- **TASK**
Copy exactly the lines starting at the one that contains "An agate silver" and running through the end of the material below. Exclude any pictures.

DATA EXCERPT Start Marker

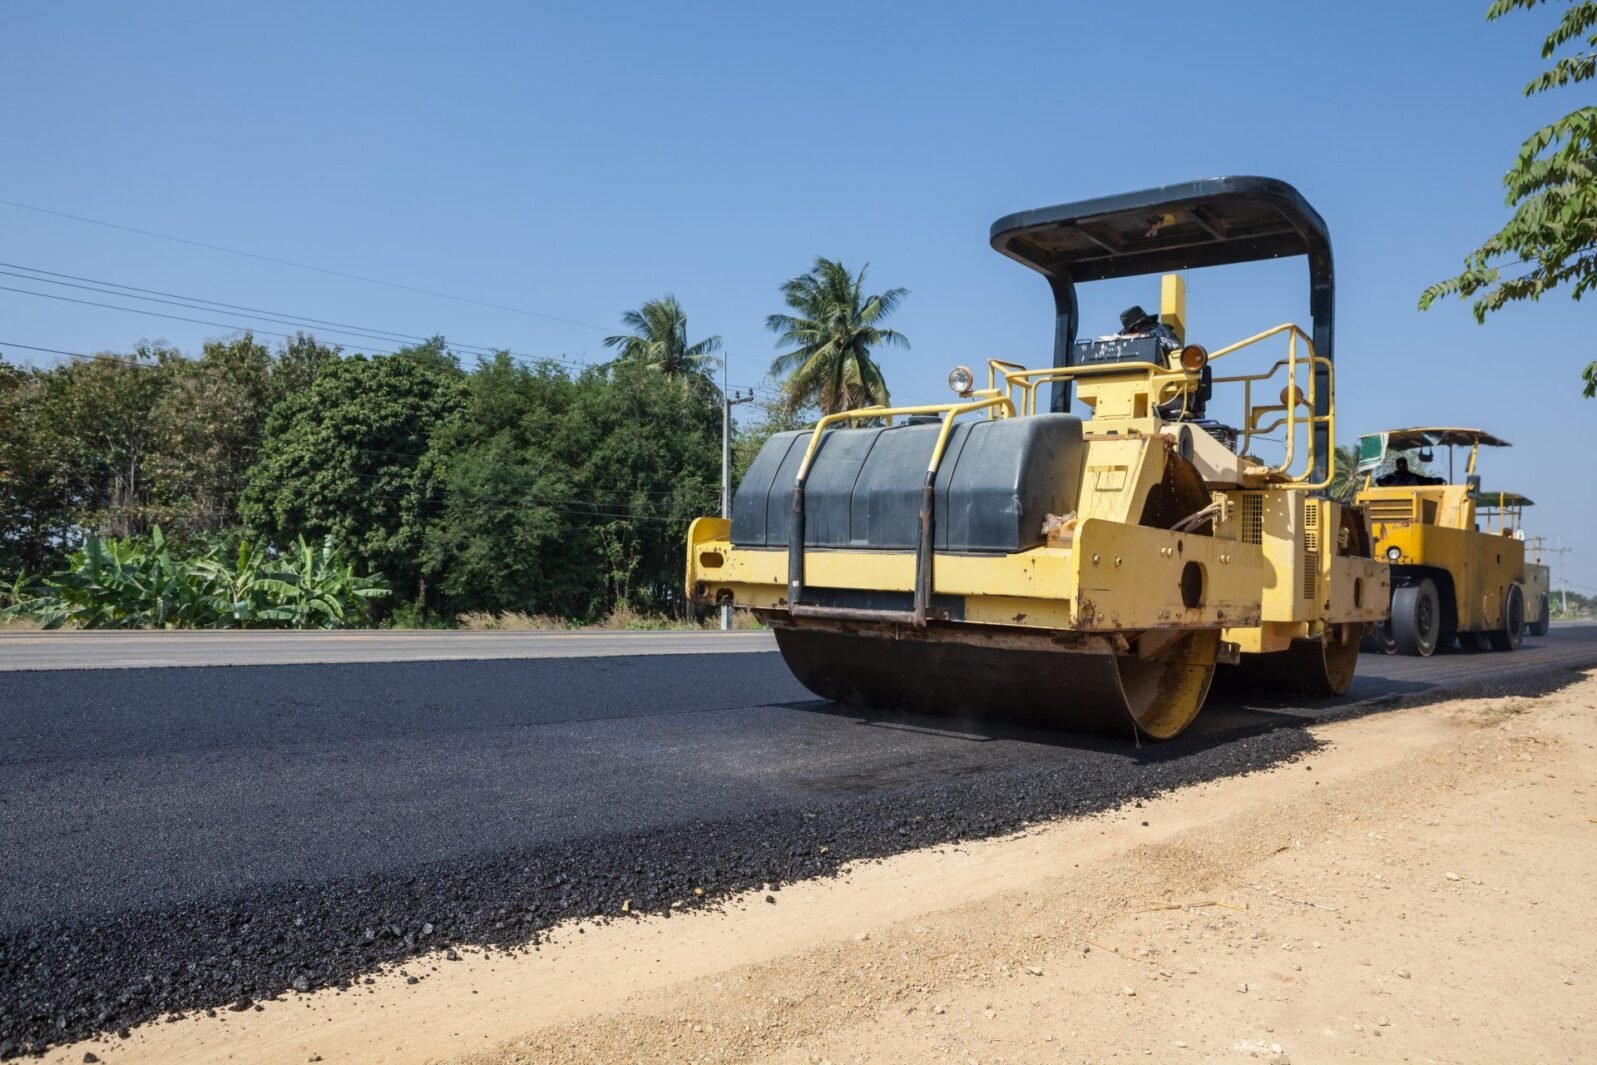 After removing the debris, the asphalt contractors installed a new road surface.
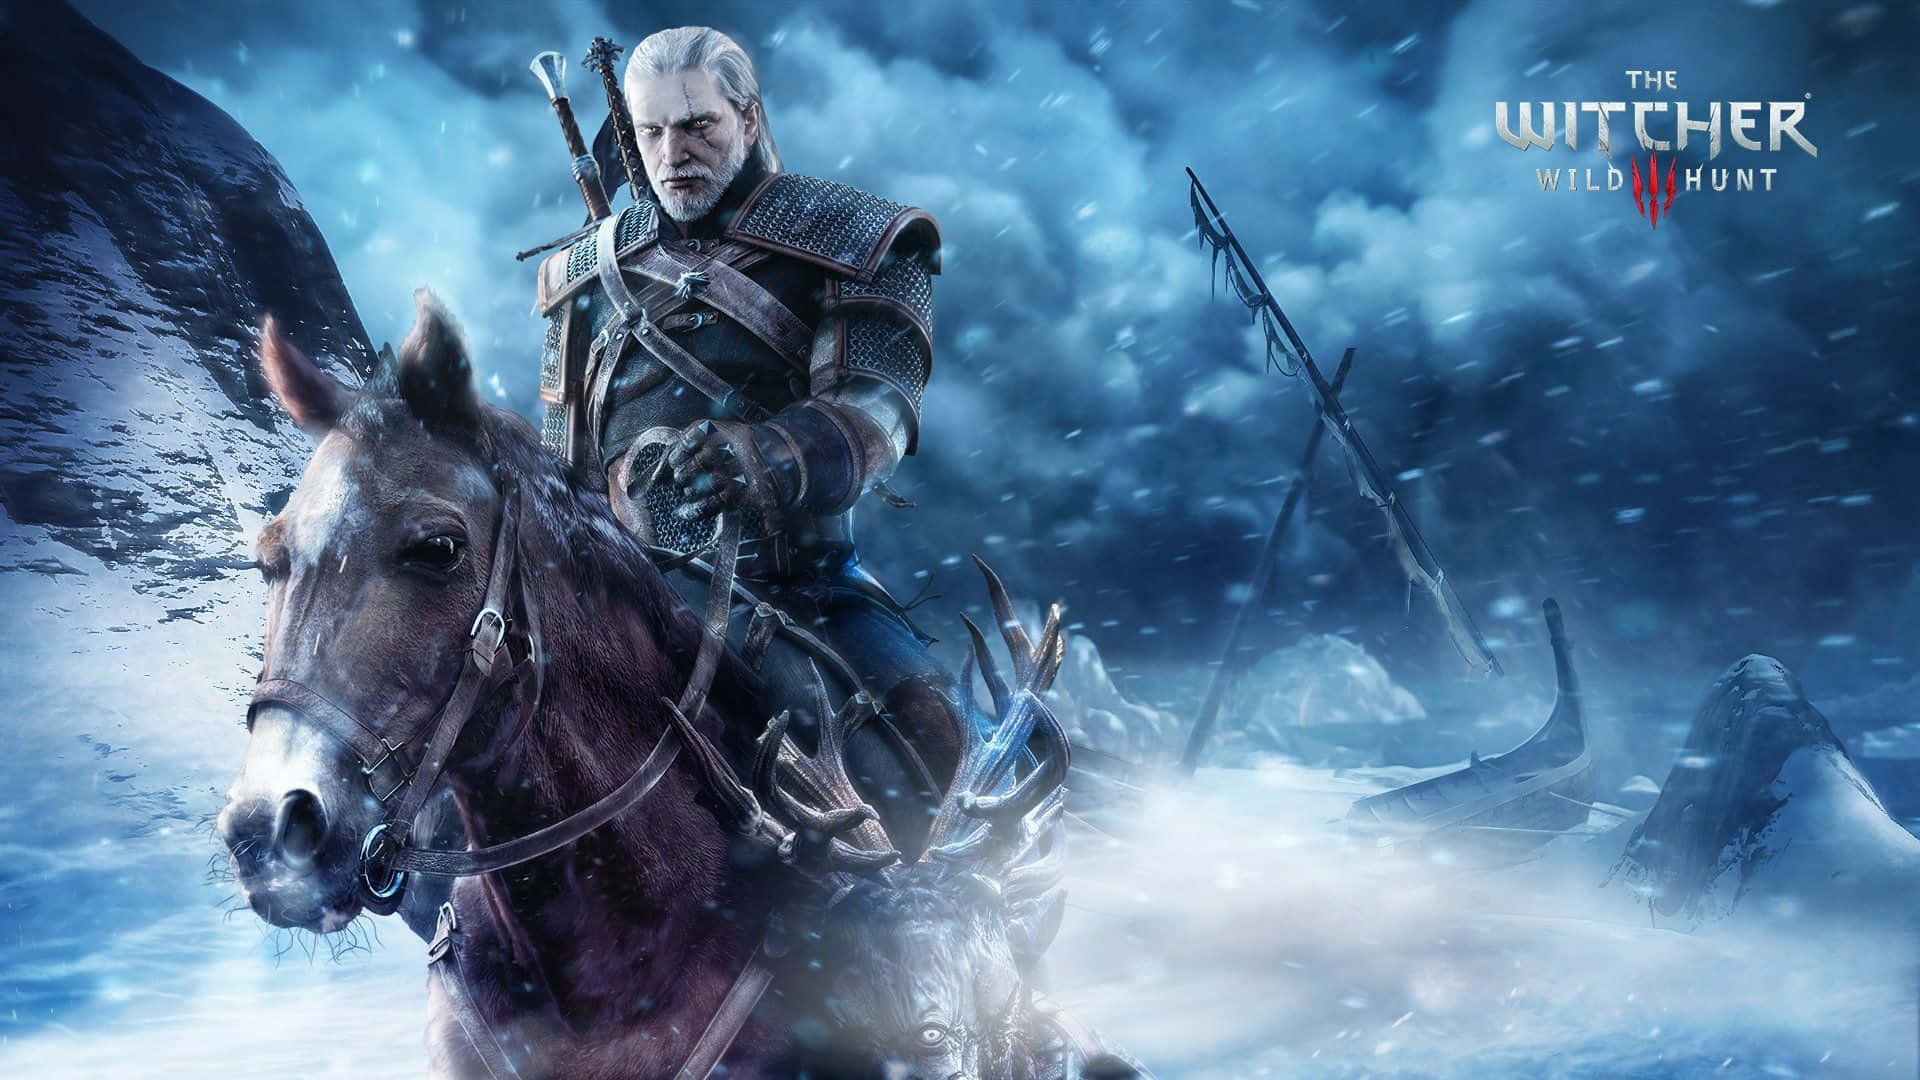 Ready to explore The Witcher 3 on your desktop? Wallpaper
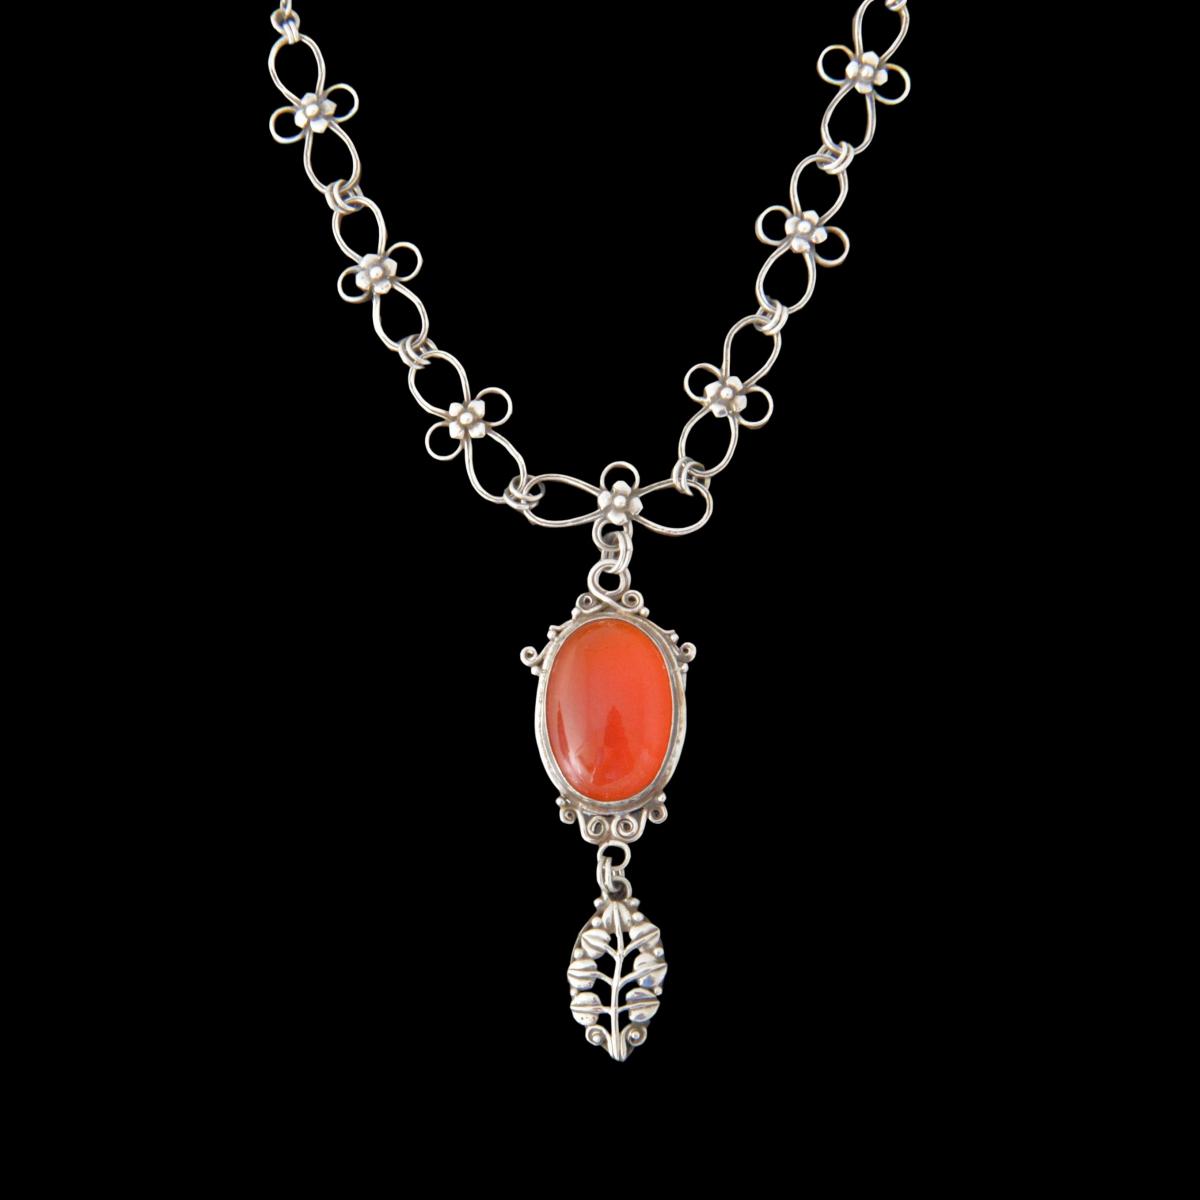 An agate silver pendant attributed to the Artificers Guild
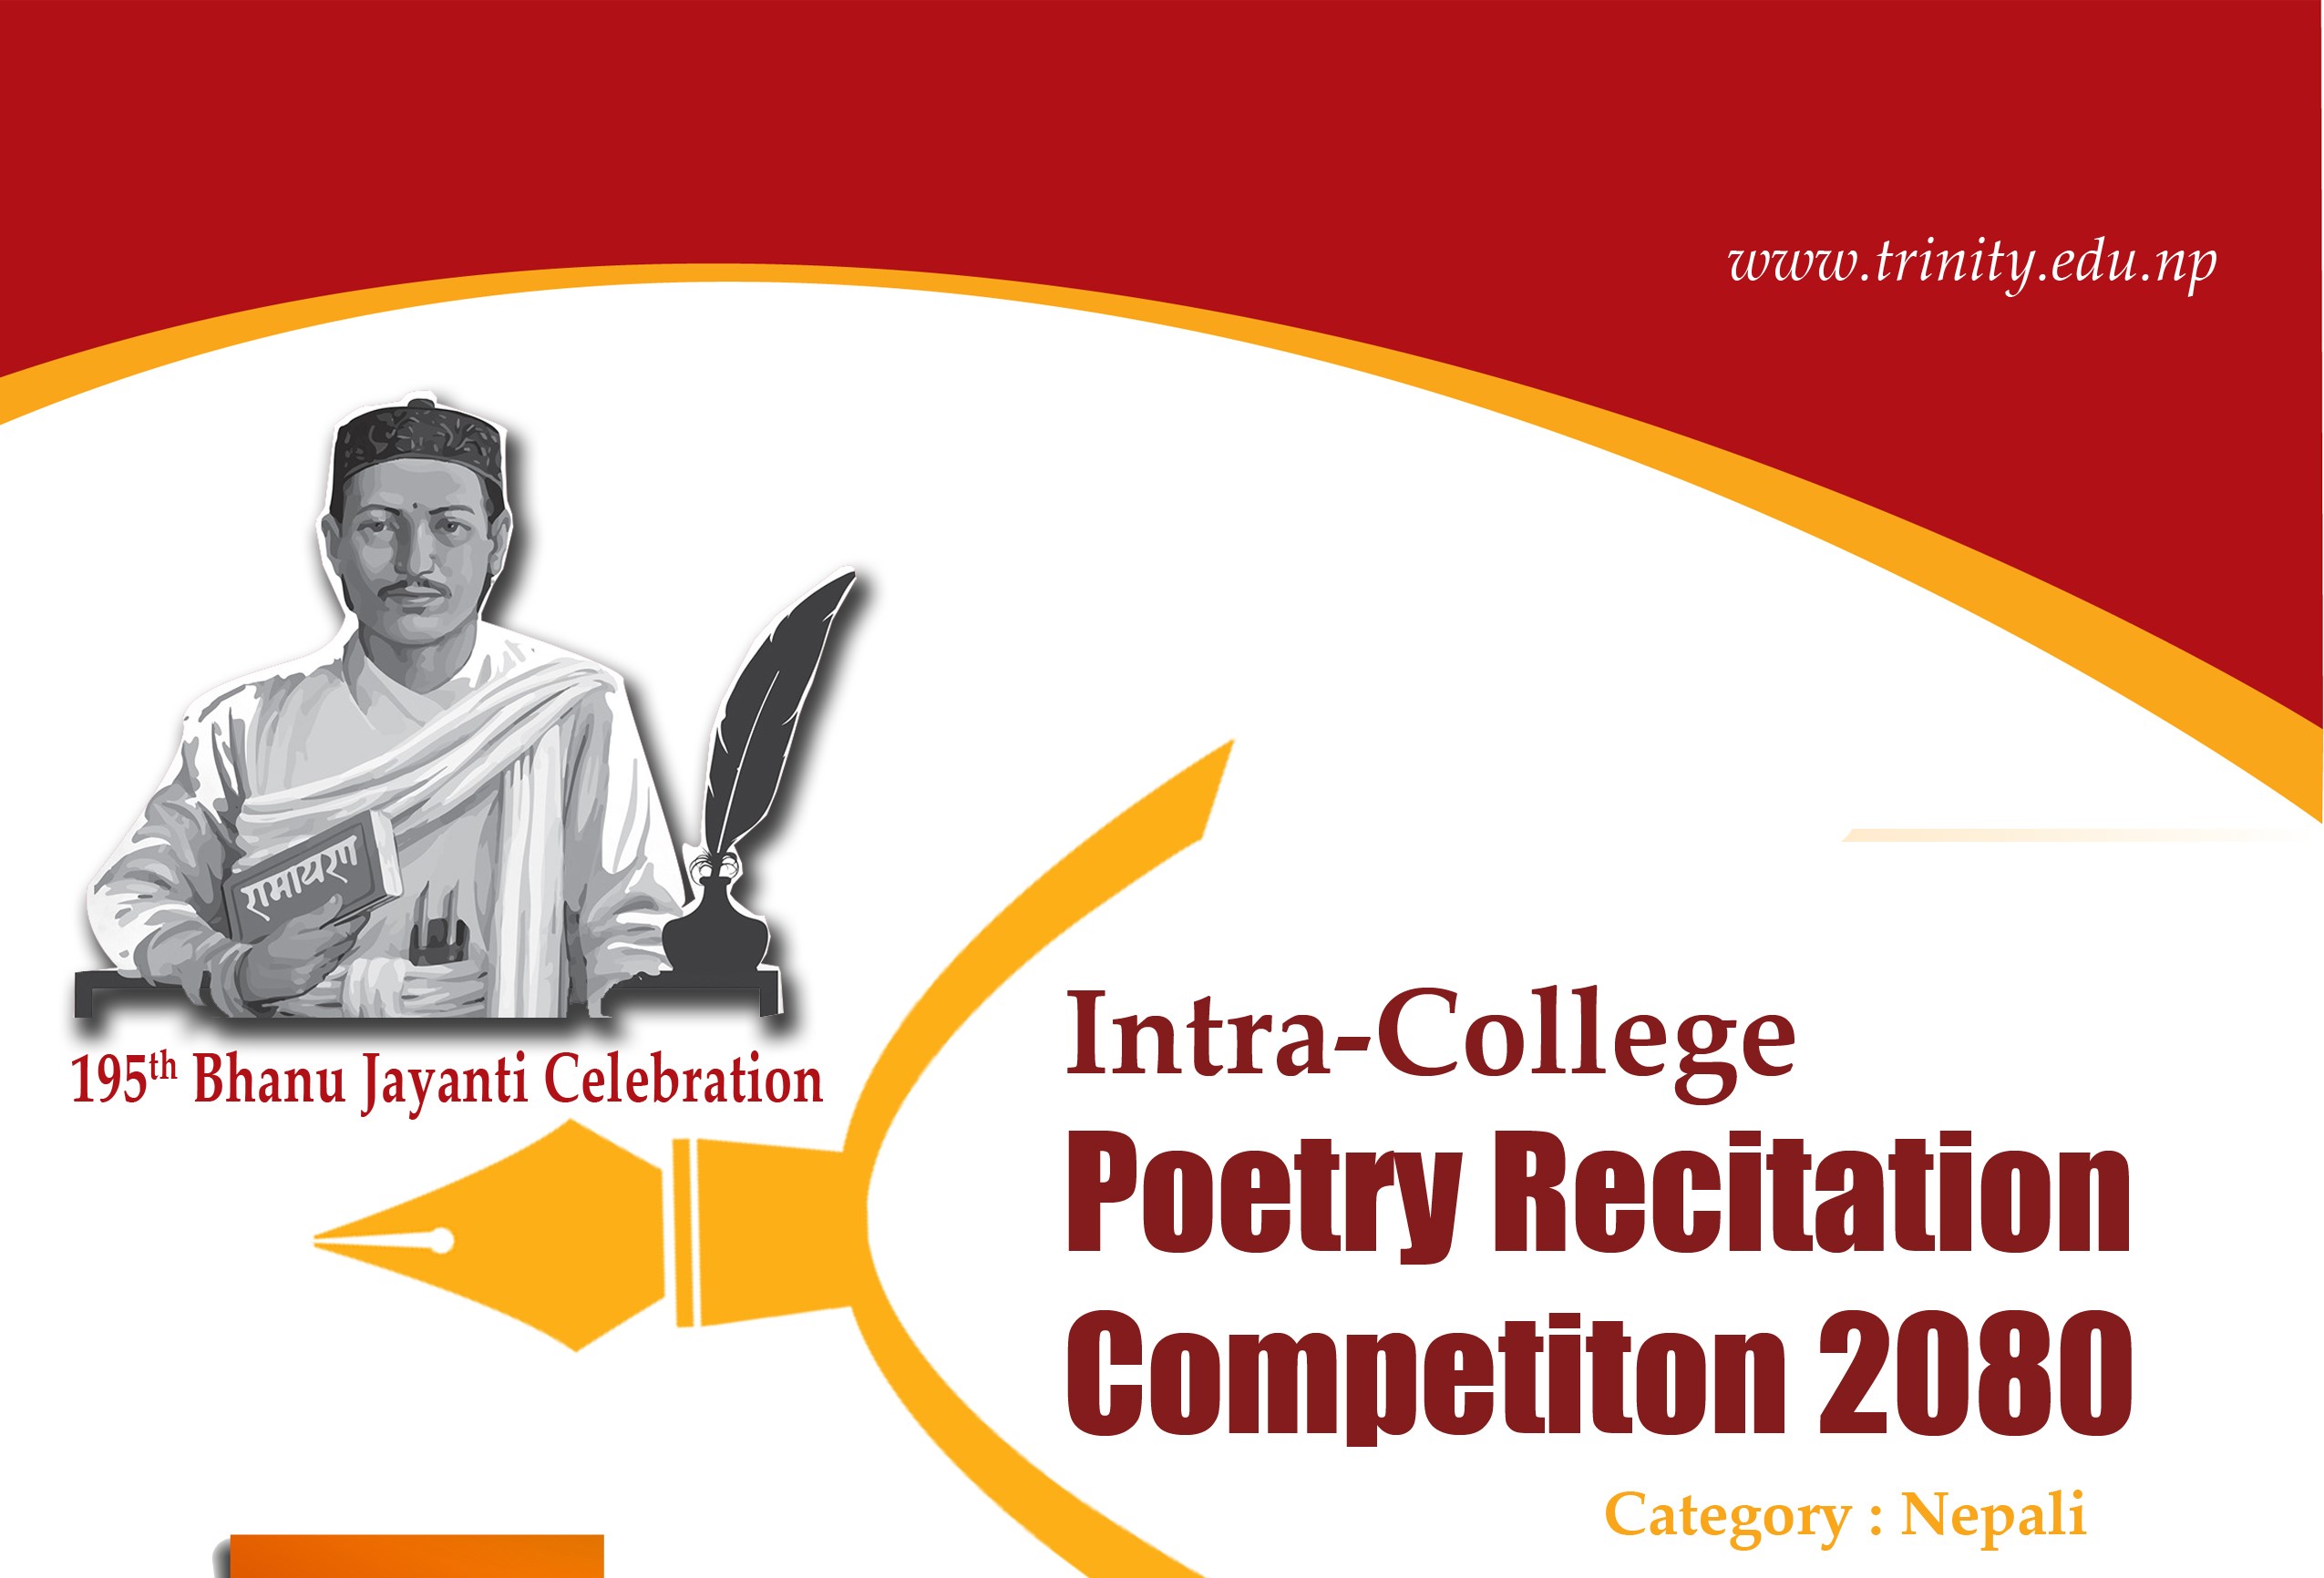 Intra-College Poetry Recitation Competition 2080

DATA EXCERPT End Marker

- **EXERCISE SOLUTION**
 An agate silver pendant attributed to the Artificers Guild
 Intra-College Poetry Recitation Competition 2080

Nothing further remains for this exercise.